Most recruiters over-weight ‘fit’. Some believe too much in the magic of ‘if we all work together, we can be more than the sum of our parts’ and will be looking for you to collaborate and network. This is important but there are limits. Department leaders fixate on ‘fit’ partly because they realise that if people fit then decisions that benefit one person (like a big start-up package) will also be applauded by others. They know that cohesive teams also carry weight externally. In contrast, if a Department appoints someone in a new area of no interest to anyone else, then they are planting a tree in a desert, the investment may be resisted, and without critical mass the area may fail, even if the idea of doing something new makes sense.

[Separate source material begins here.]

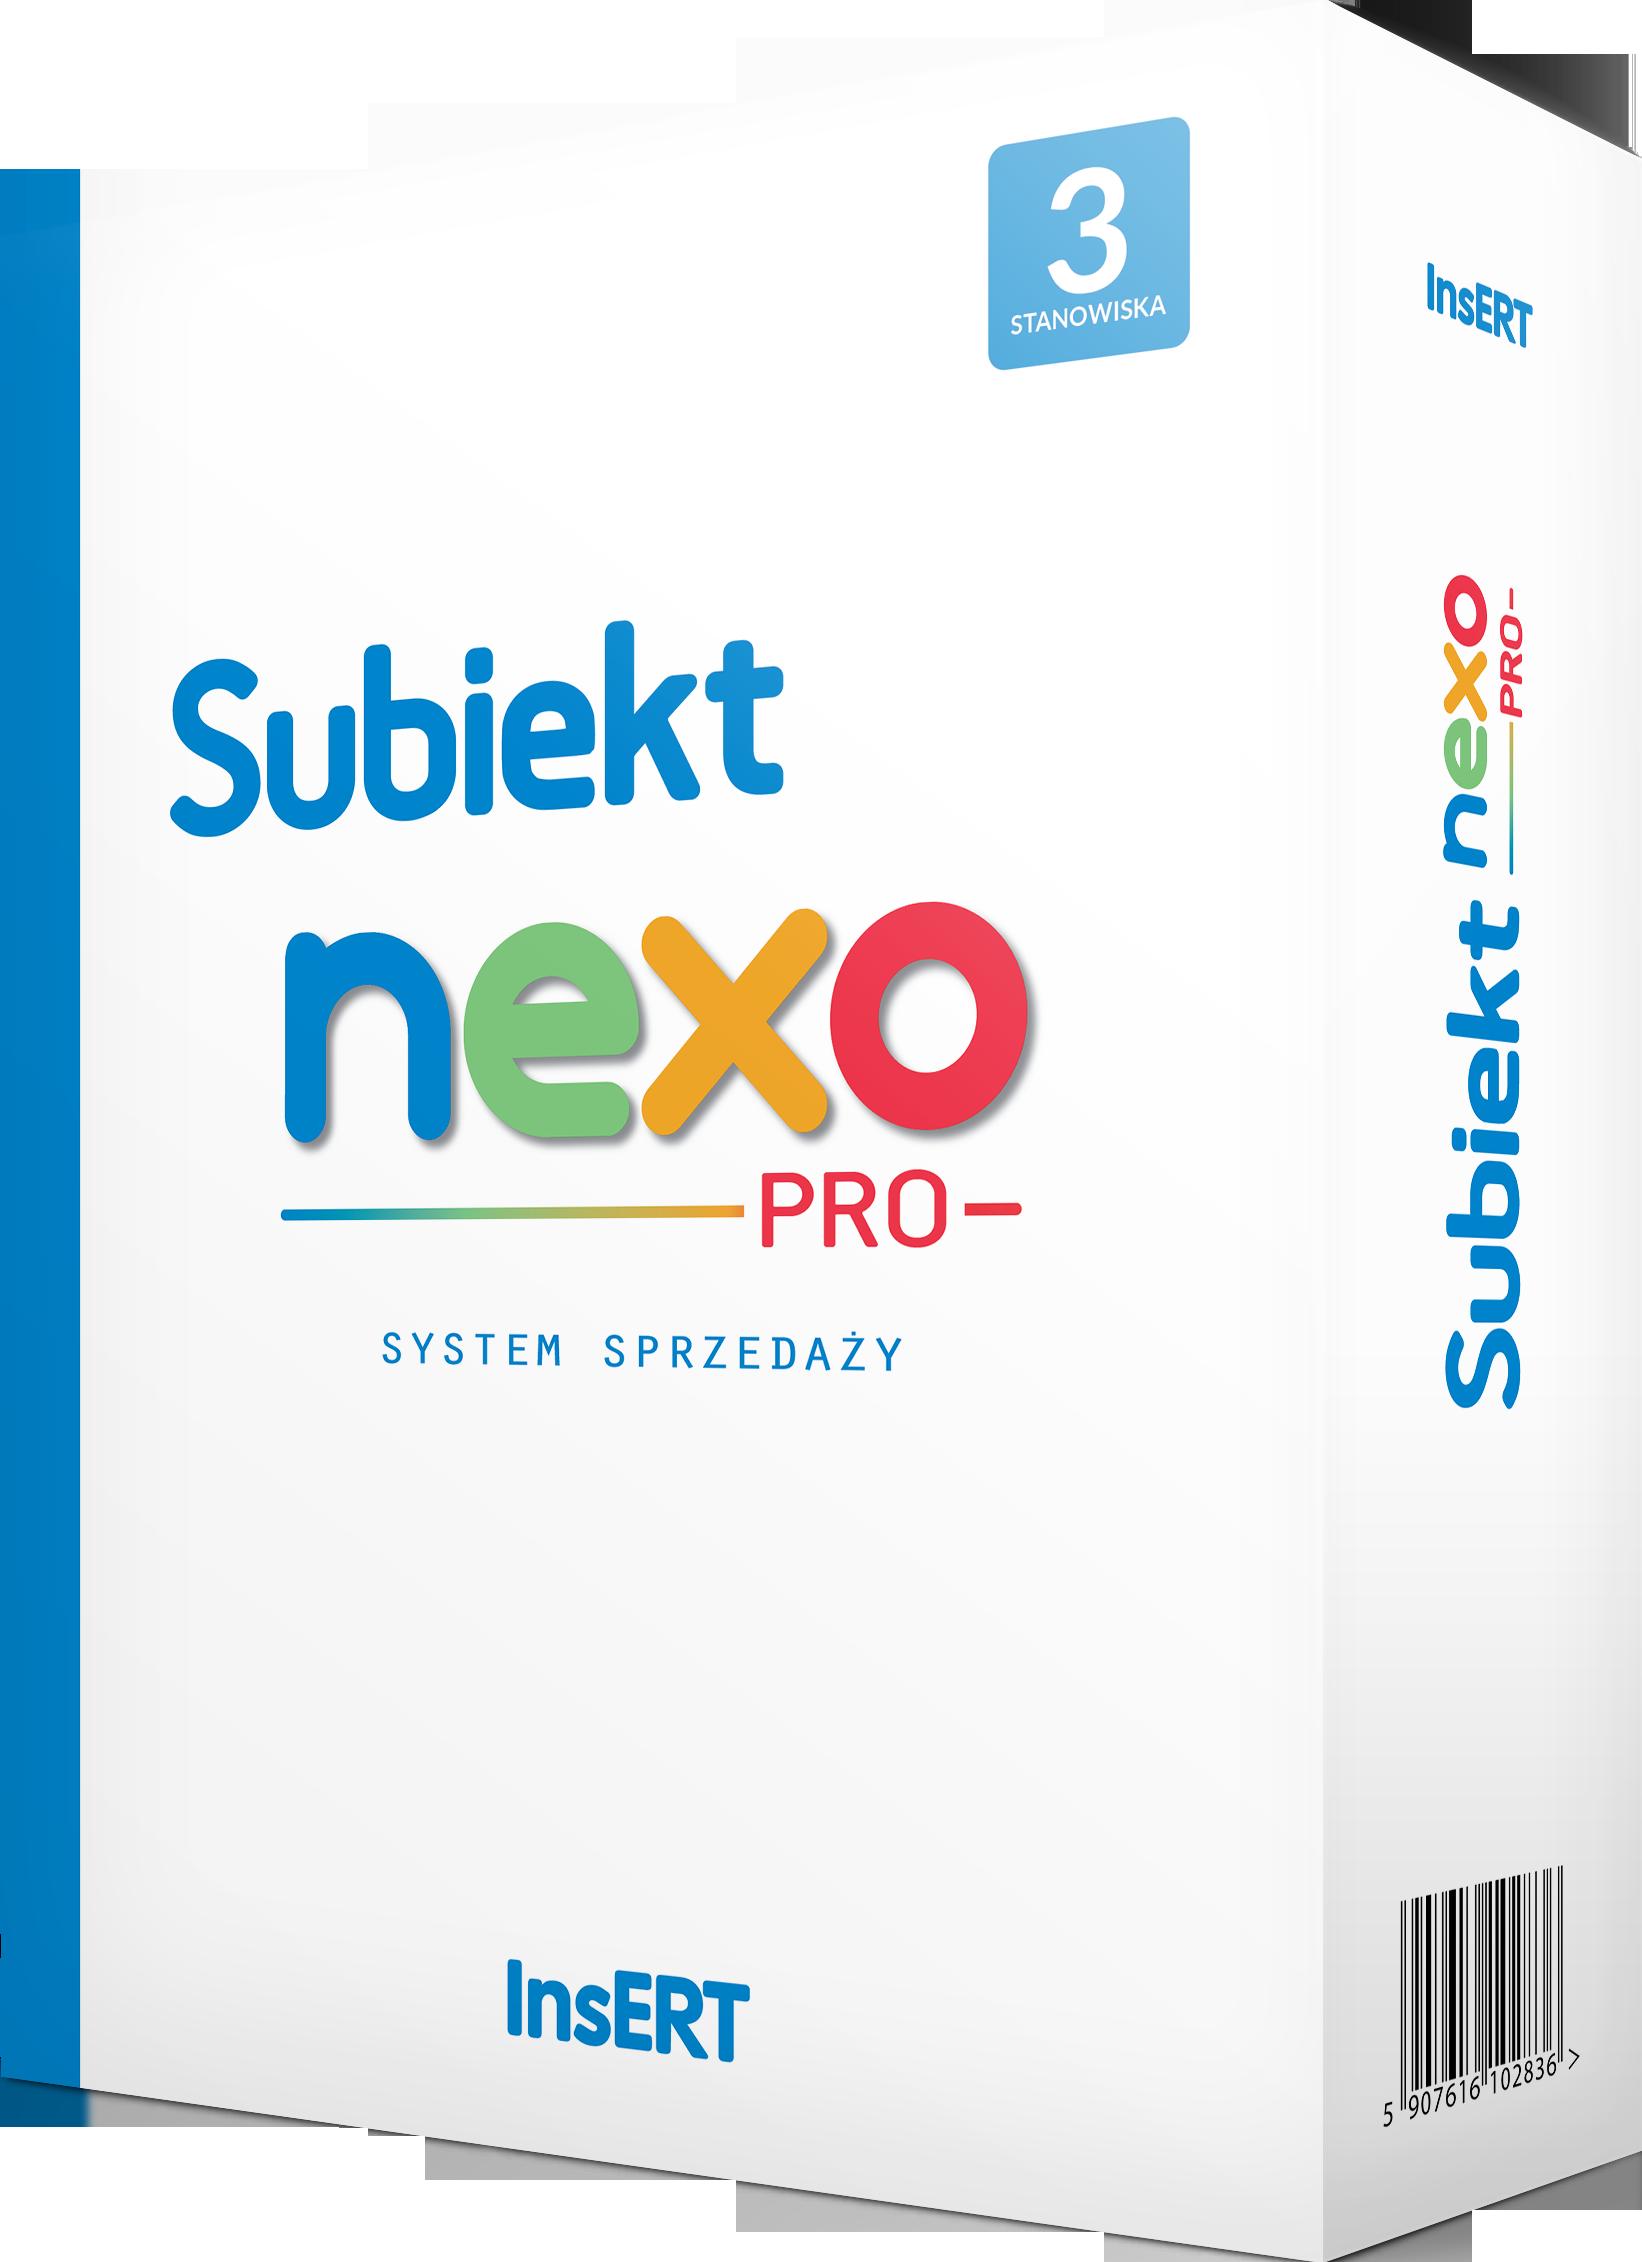 Subiekt_nexo_PRO_3_stanowiska_pudelko.png
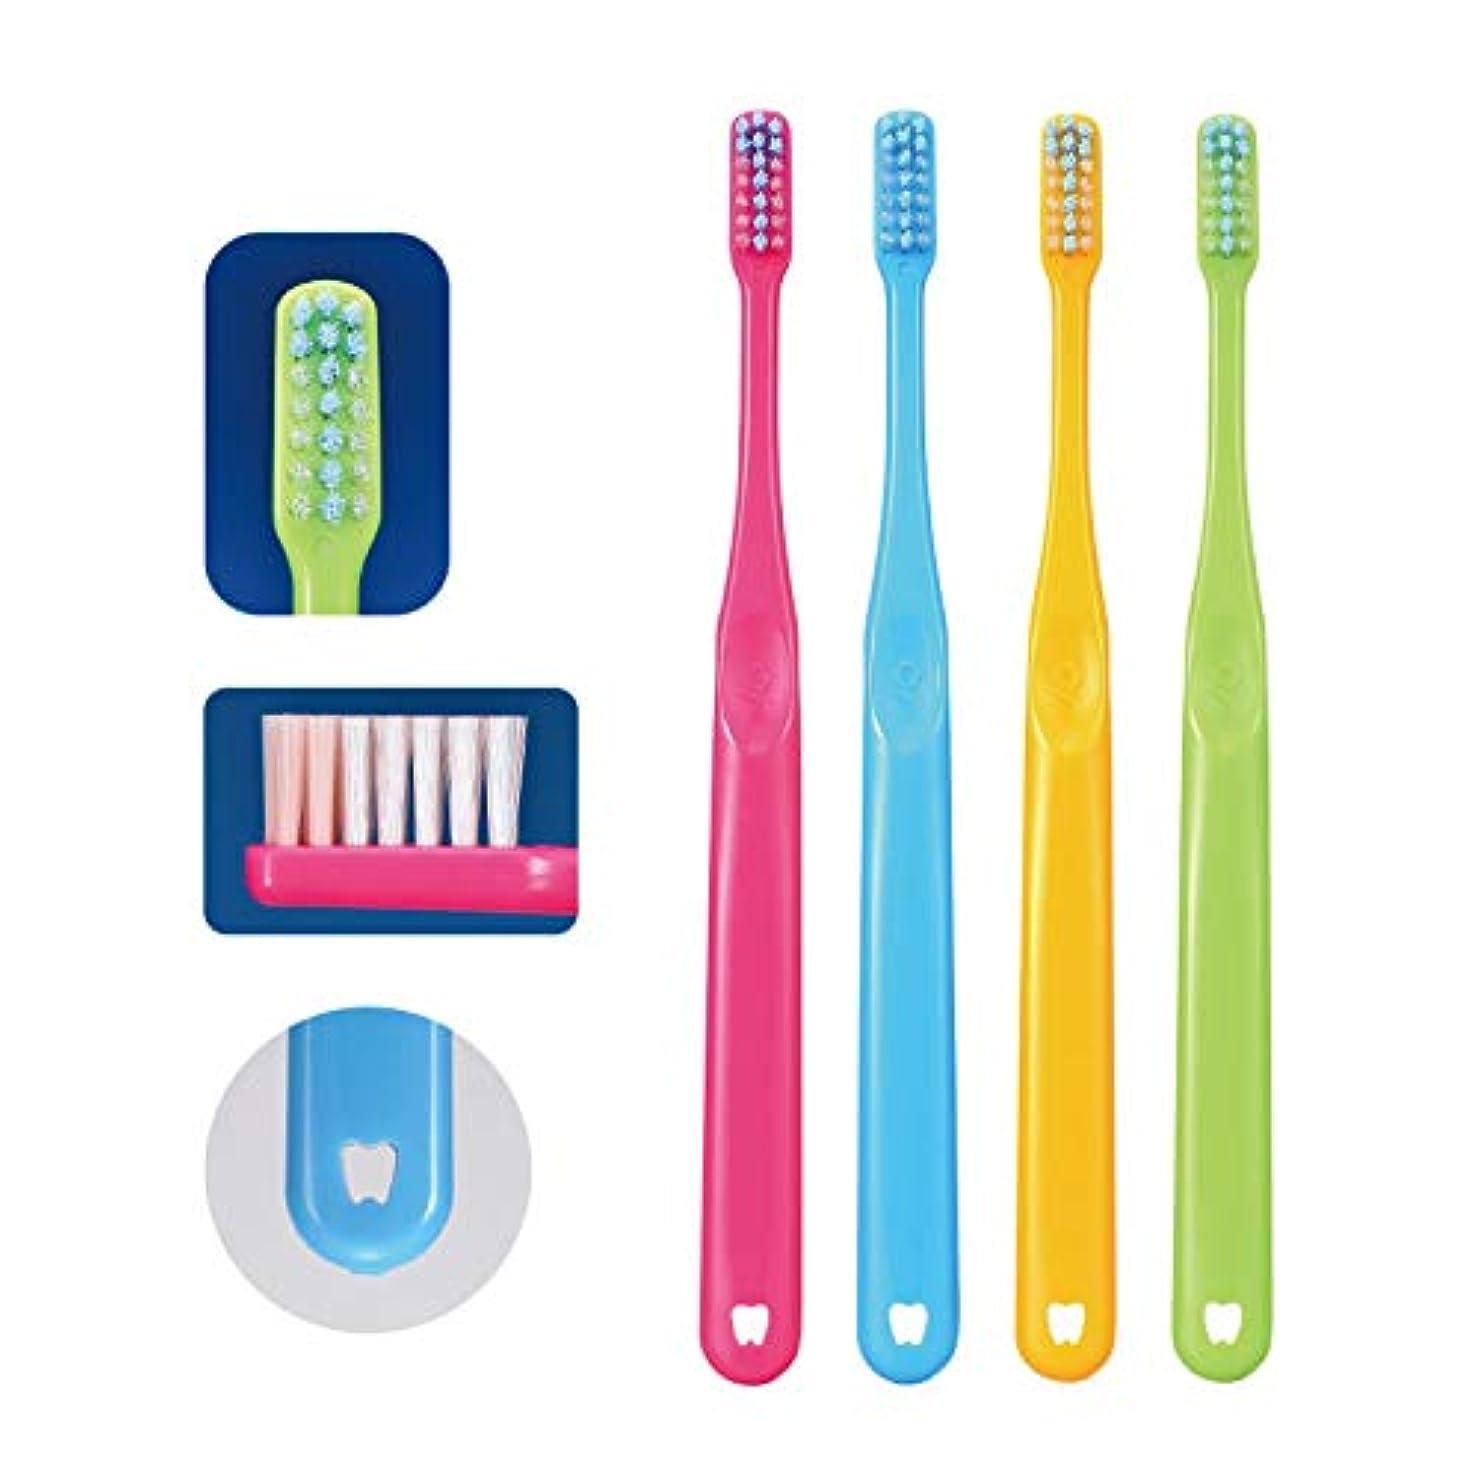 管理者恩赦準備Ci PRO PLUS プロプラス 歯ブラシ 20本 S(やわらかめ) 日本製 プラーク除去 歯科専売品

‘Fit’ is also complicated for the appointee. The more they work in teams the less starkly their leadership and distinctive contribution will stand out. Academic leaders sometimes lament the inability of their staff to ‘work together’ without ackowledging that the academic system the leaders have created is what forces individualistic behaviour on the people they are trying to lead. In the best departments the tension between teamwork and individual leadership is carefully managed.

To go back to what you might ask for. From the appointee’s point of view the things they need, resources and being valued were once listed to me as – all you can ask for is: space, money, prestige. This is reasonable and we’ve discussed space and money (or equipment/salaries etc). It’s worth asking for what you need but you have to be realistic about what slice of the pie may be available. Prestige, feeling valued, feeling special, on the other hand, is much more elastic and it is worth exploring.

Many institutions leverage ‘prestige’ as much as possible. It is less expensive. New titles abound. One institution I’ve heard of lets all Associate Professors refer to themselves as the Professoriate, and be Professors. Some organisations give top recruits special fellowship titles. Some have various partially hidden salary grades and accelerated titles with a mix of honour and salary supplements. The personal salary supplementations are much harder for organisations to offer than investments in shared research infrastructure – because they do not necessarily serve the ‘common good’ and ‘fit’, but supplements do exist in many organisations.

‘Prestige’ is a crazy, old-fashioned word but I think it is useful. It is elastic but ultimately ‘inflation’ degrades its value so new honours are regularly invented. Although it is crazy ‘prestige’ and ‘feeling valued’ is important to people and it can be a great way of doing what universities do best – of ‘harnessing egos for the public good’.

The final thing I was told was that your moment in the sun won’t last for long. You have to ask for what you need up front, but you have to do it in a reasonable way and my main advice is that asking for things that will benefit others as well (and help with ‘fit’), things like equipment, facilities, technical support, is often a win-win approach.